Oggi 29 ottobre ricorre la Giornata mondiale dell’ictus, una patologia a carattere acuto che deriva dall’occlusione di una arteria cerebrale. Nel nostro Paese ogni anno se ne ammalano circa 200mila persone. Di queste il 20% muore, mentre il 30% sopravvive riportando invalidità permanenti.
Ictus: le metodiche utilizzate per il trattamento
Per il trattamento dell’ictus oggi si prospettano due possibilità di intervento. La prima prevede la somministrazione di particolari molecole in grado di sciogliere l’occlusione causata dall’ictus. Tuttavia se l’ostruzione riguarda i grandi vasi queste terapie possono fallire. In caso di fallimento della prima terapia subentra il secondo trattamento, ovvero la tromboectomia endovascolare, che consiste nell’inseririento di una sorta di rete a livello dell’arteria ostruita. In tal modo il chirurgo ricanalizza il flusso sanguigno disostruendo il vaso. Successivamente viene rimosso lo stent.

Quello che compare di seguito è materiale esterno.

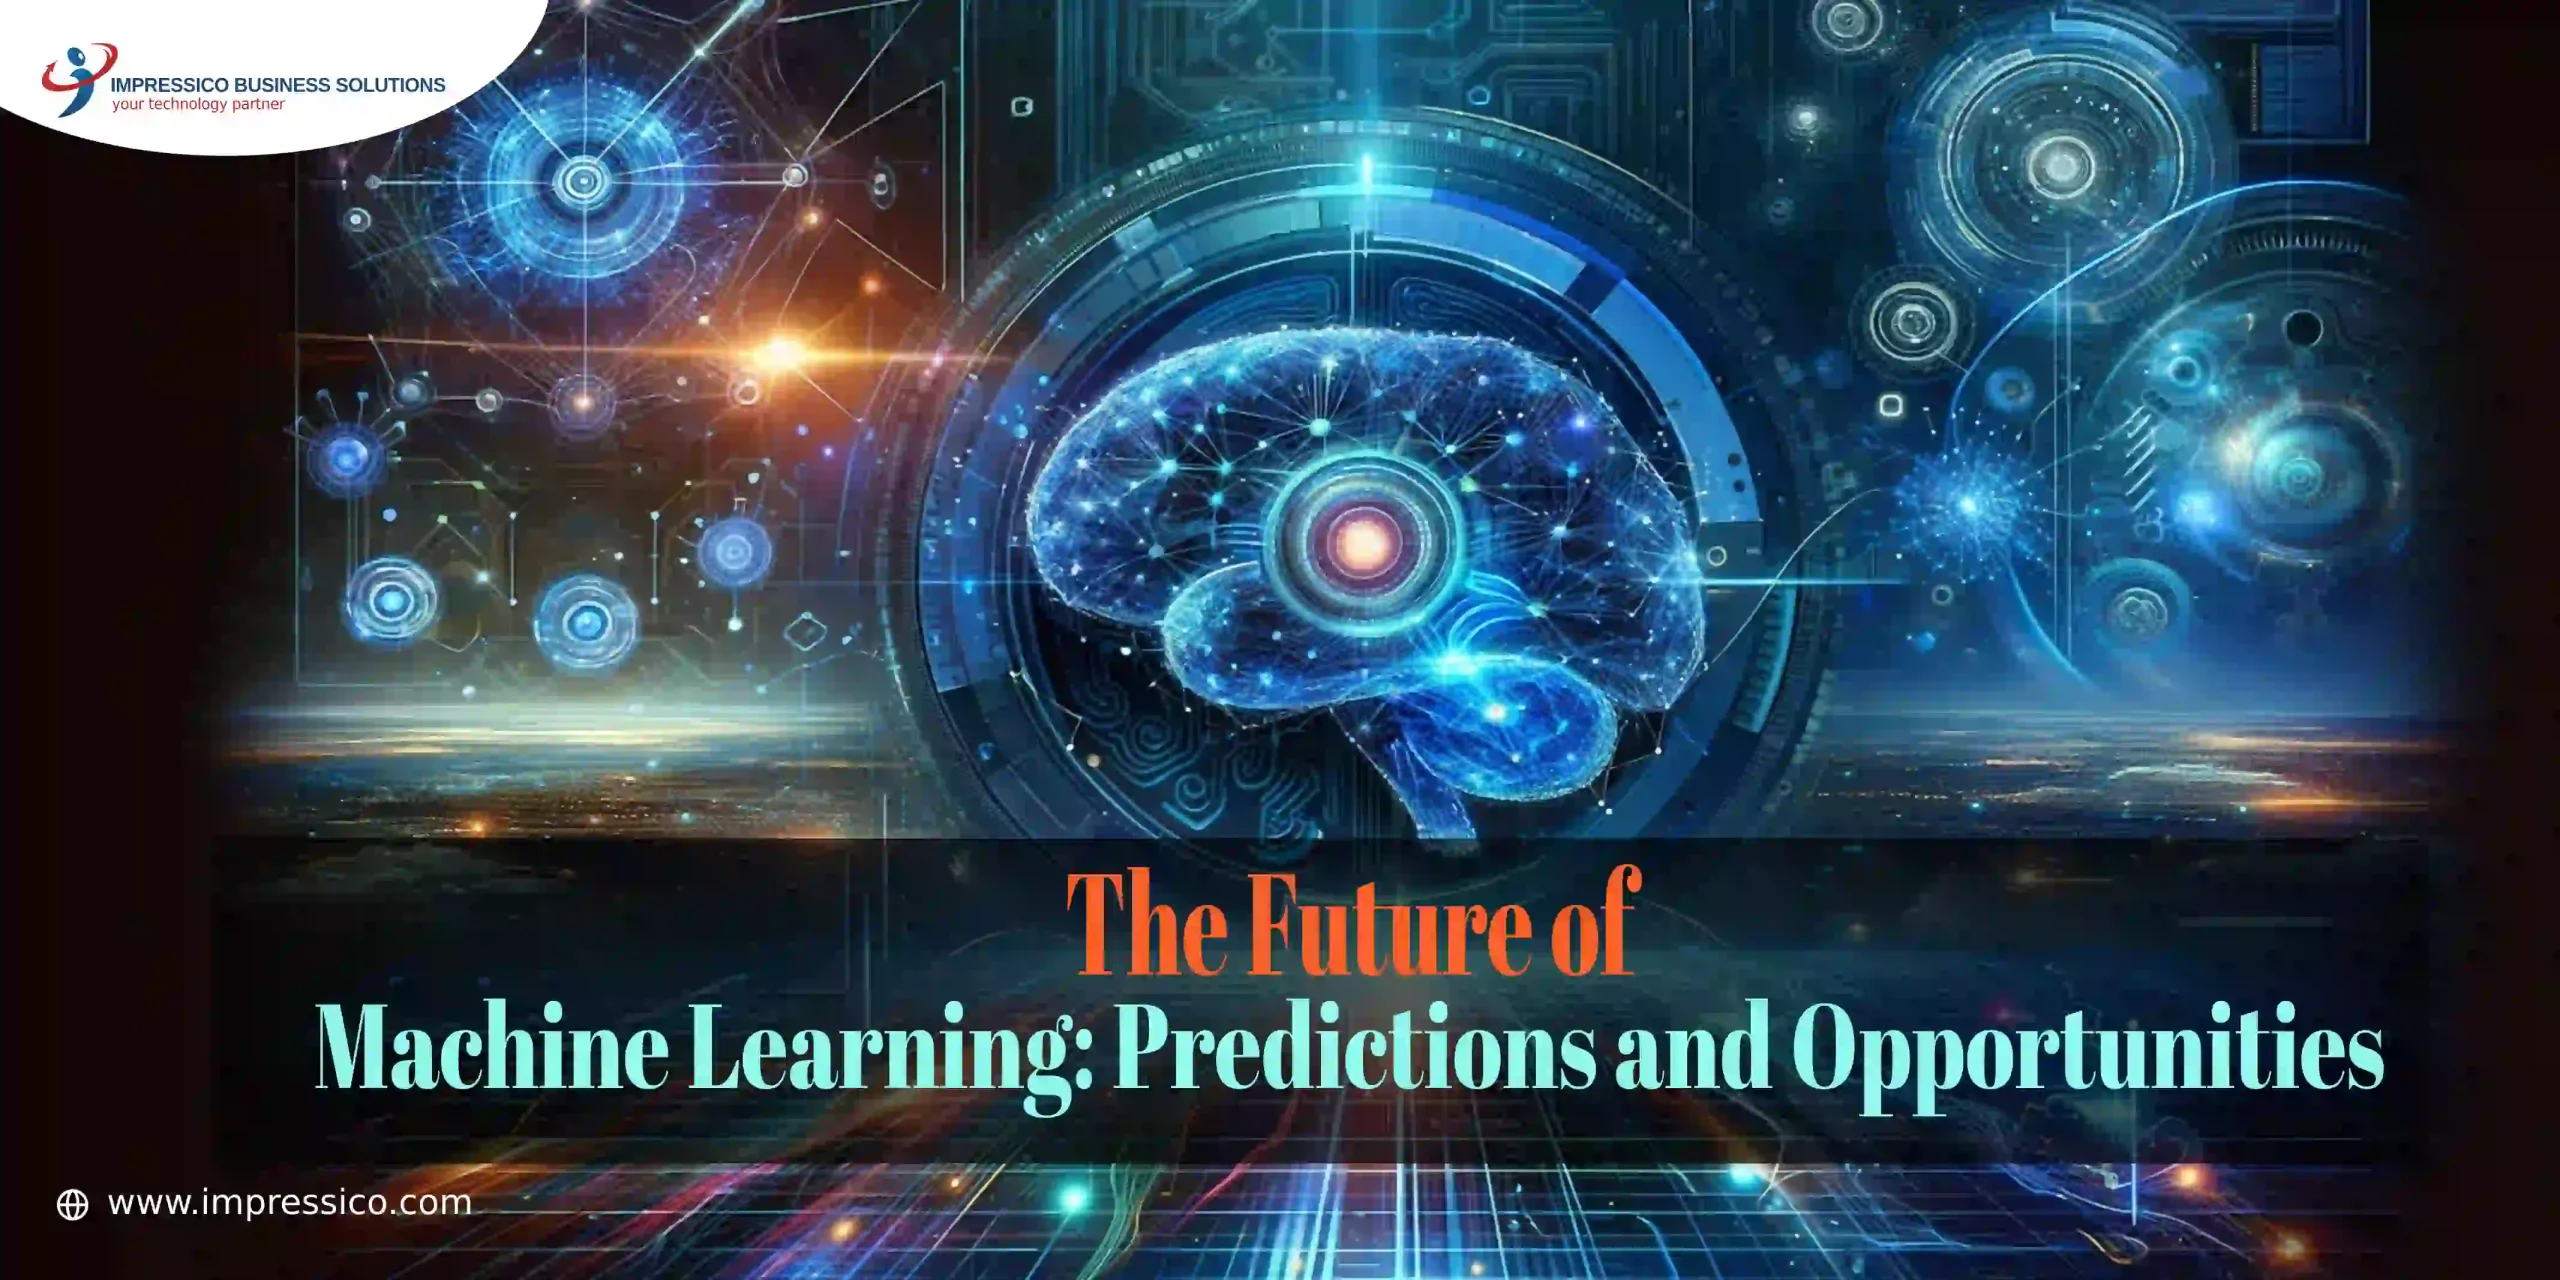 The Future of Deep Learning

Ictus: pronto intervento per limitare i danni nel breve e nel lungo periodo
Il dottor Stefano Paolucci, Direttore di Unità Operativa Complessa di Neuroriabilitazione alla Fondazione Santa Lucia Irccs nonché Presidente Eletto della Società Italiana di Riabilitazione Neurologica (SIRN), spiega che sempre più persone sopravvivono all’ictus, tuttavia il superamento di un episodio acuto però comportare diverse conseguenze a seconda del danno: “I principali danni post-ictus. I primi, soprattutto in acuto, sono l’emiparesi e l’emiplegia, ovvero un’incapacità a muovere una parte del corpo. Quelli non motori invece affligogno l’area del linguaggio e dell’esplorazione spaziale. Non solo, nel lungo periodo chi supera un ictus può andare incontro a depressione, spasticità, dolore e problemi di deglutizione”.
Paolucci spiega che il primo di questi problemi si affronta con la riabilitazione motoria che viene eseguita in ospedale fin dai primi momenti. Ed aggiunge: “La vera criticità riguarda soprattutto la riabilitazione sul lungo periodo poiché per la varietà di danni occorre un approccio riabilitativo che coinvolga più professionisti”.
In questo senso l’A.L.I.Ce. Italia Onlus da anni si batte affinché anche in Italia i pazienti che sopravvivono all’ictus possano seguire dei percorsi di neuroriabilitazione finalizzati al recupero non solo delle facoltà motorie, ma anche cognitive in modo da ottenere un recupero che possa preservare a pieno titolo l’autonomia della persona.
Ictus: fattori di prevenzione
Ma quali sono i fattori di prevenzione dell’ictus? Gli esperti sottolineano che è possibile ridurre i fattori di rischio seguendo uno stile di vita sano. Ad esempio evitando fumo e alcol, e per quanto riguarda la dieta non indulgere al consumo di cibi fritti e grassi, carni rosse, ma prediligere il consumo di frutta e verdura. Alla dieta va associata anche la pratica di una attività sportiva che deve comprendere almeno 150 minuti lungo l’arco della settimana. In questo senso è già sufficiente una camminata, oppure salire le scale a piedi o andare in bicicletta.
Ictus e cellule staminali
I pazienti che sopravvivono all’ictus devono poi sottoporsi a una lunga fase di riabilitazione per “rieducare” il cervello che ha subito un danno dalla mancata irrorazione sanguigna in certe sue aree. Stando a uno studio realizzato da un gruppo di ricercatori dell’Irccs ospedale San Raffaele di Milano una iniezione nel cervello a base di cellule staminali potrebbe favorire il recupero dei pazienti che sono stati colpiti da un ictus. Queste cellule una volta raggiunta l’area del cervello colpita da ischemia cerebrale rilasciano una proteina chiamata “fattore di crescita dell’endotelio vascolare”. Tale proteina avrebbe un ruolo molto importante in quanto andrebbe a migliorare la plasticità cerebrale facendo sì che il cervello possa riadattarsi a causa delle funzioni perse per l’ictus. Lo studio è stato pubblicato sul Journal of Neuroscience.